Lilian Calderon told her daughter not to worry, that she would be coming right back. Calderon and her husband, Luis, had an interview they couldn’t miss at U.S. Citizenship and Immigration Services in Rhode Island Jan. 17.
By Meagan Flynn, Reporter
All they had to do was prove their marriage was legitimate, the first step on a long path toward a green card. They brought family photographs, their children’s birth certificates and their marriage documents. Luis was a U.S. citizen. Calderon was undocumented. She had been brought to the United States illegally from Guatemala when she was 3.
The interviews were quick and painless. Calderon’s included “football banter,” she said.
But then ICE showed up — and it was quickly clear to Calderon that she would not be returning home to her daughter.
The 30-year-old mother of two wound up handcuffed and then detained by U.S. Immigration and Customs Enforcement for nearly a month, capturing the attention of the ACLU and leading to a class-action lawsuit over what attorneys have described as a “cruel bait and switch” arrest operation. According to emails between federal officials unsealed in federal court documents this week, U.S. Citizenship and Immigration Services had been coordinating with ICE to alert the agency when certain immigrants eligible for deportation showed up at the CIS office for routine interviews.

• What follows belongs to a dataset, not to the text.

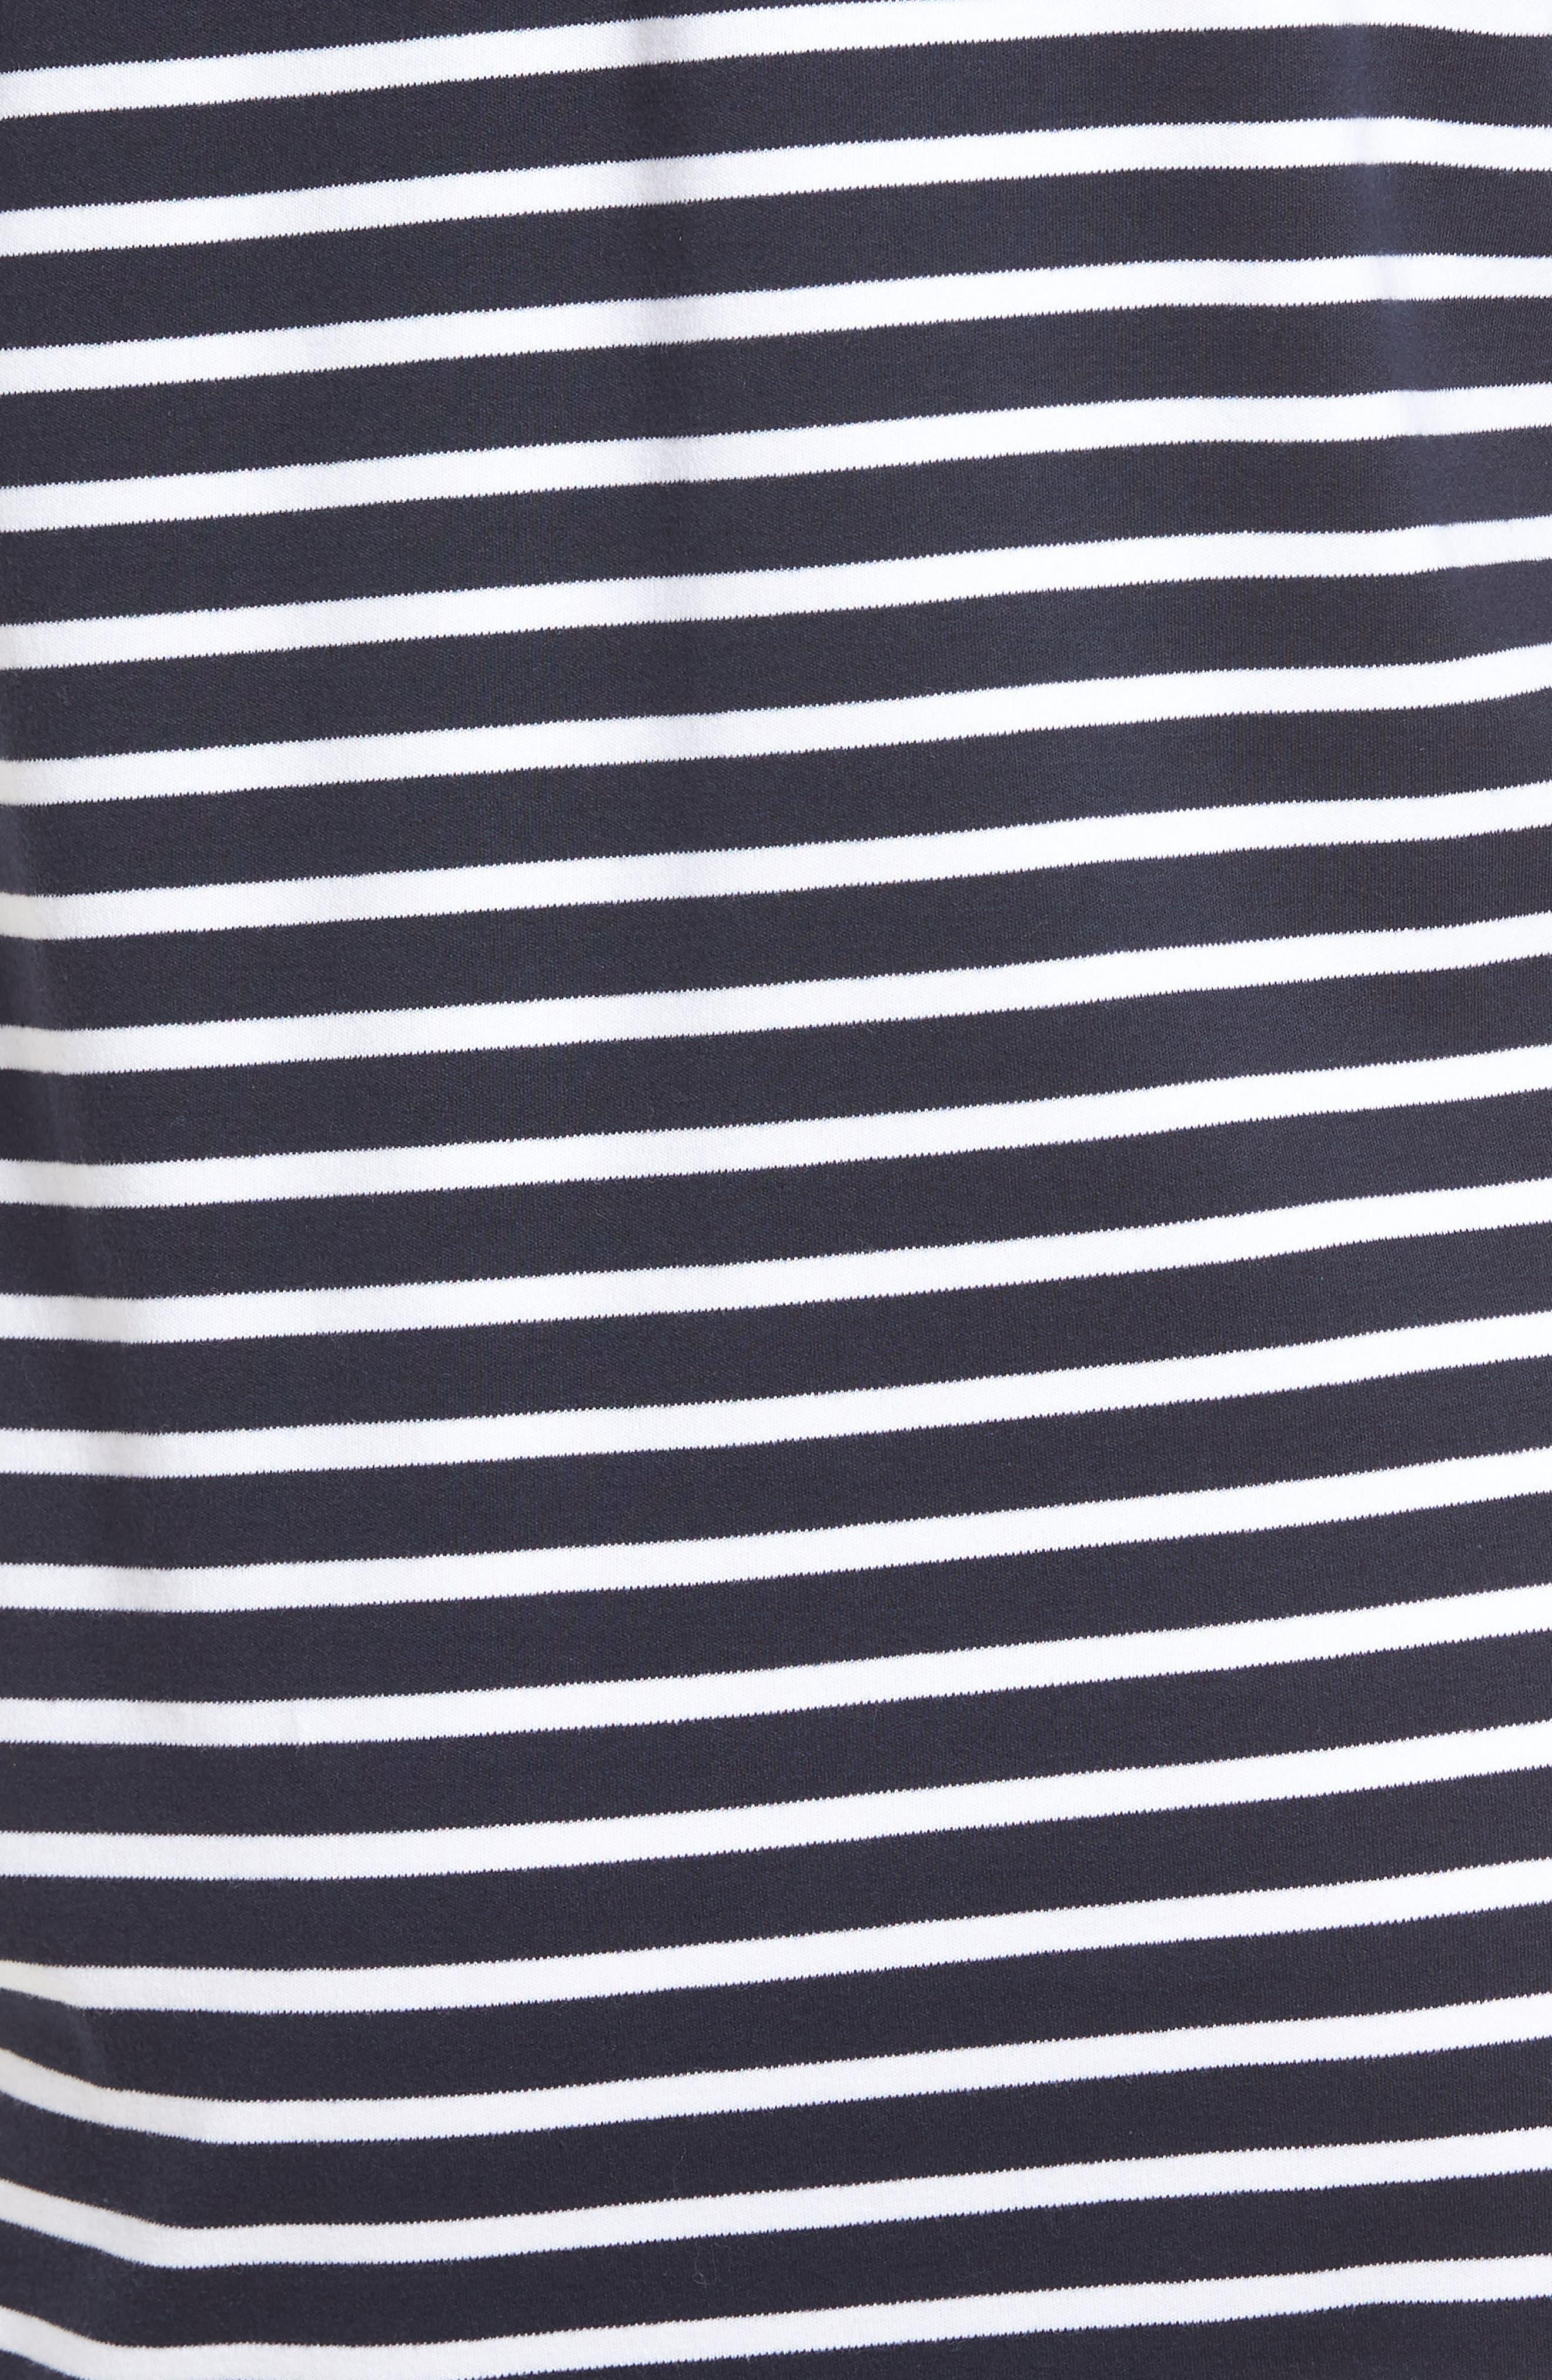 Bow Back Stripe Knit Dress,                             Alternate thumbnail 6, color,                             410
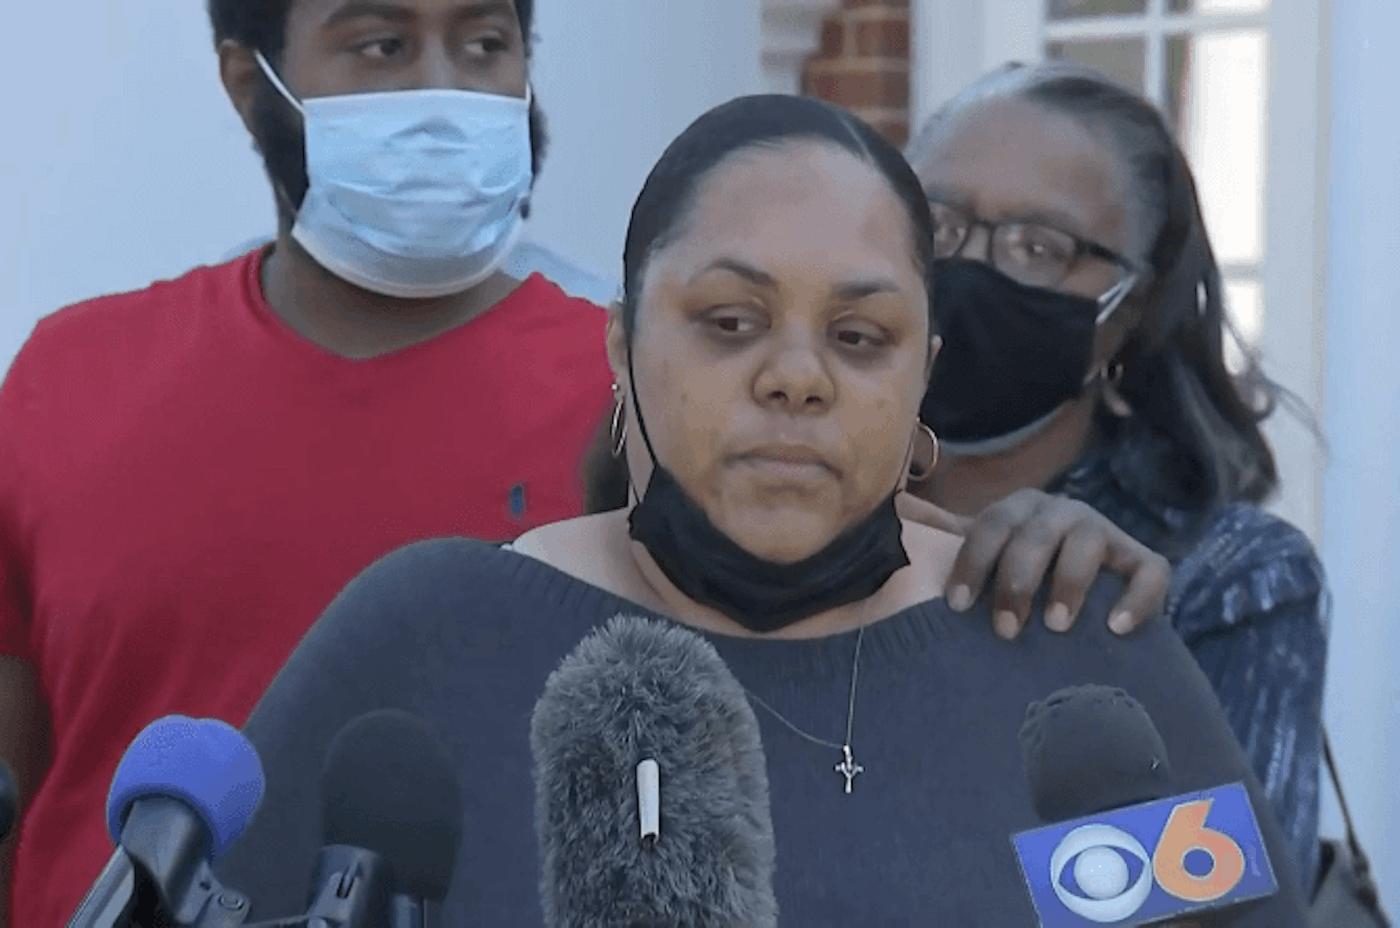 Isaiah Brown's sister Yolanda (center) spoke during Monday's press conference. Photo by Brian Carlton.

The ACLU of Massachusetts is accusing the agencies of conspiring to “trap” unsuspecting immigrants on a path toward legal permanent residency by inviting them to these interviews only for ICE to arrest them there. This happened to at least 17 people in 2018 including Calderon, although only 13 qualify as members of the class, according to the lawsuit. The ACLU argues this violates their rights to due process and the Immigration Nationality Act, among other things, for detaining the immigrants before they’ve had a chance to complete the process for seeking legal status.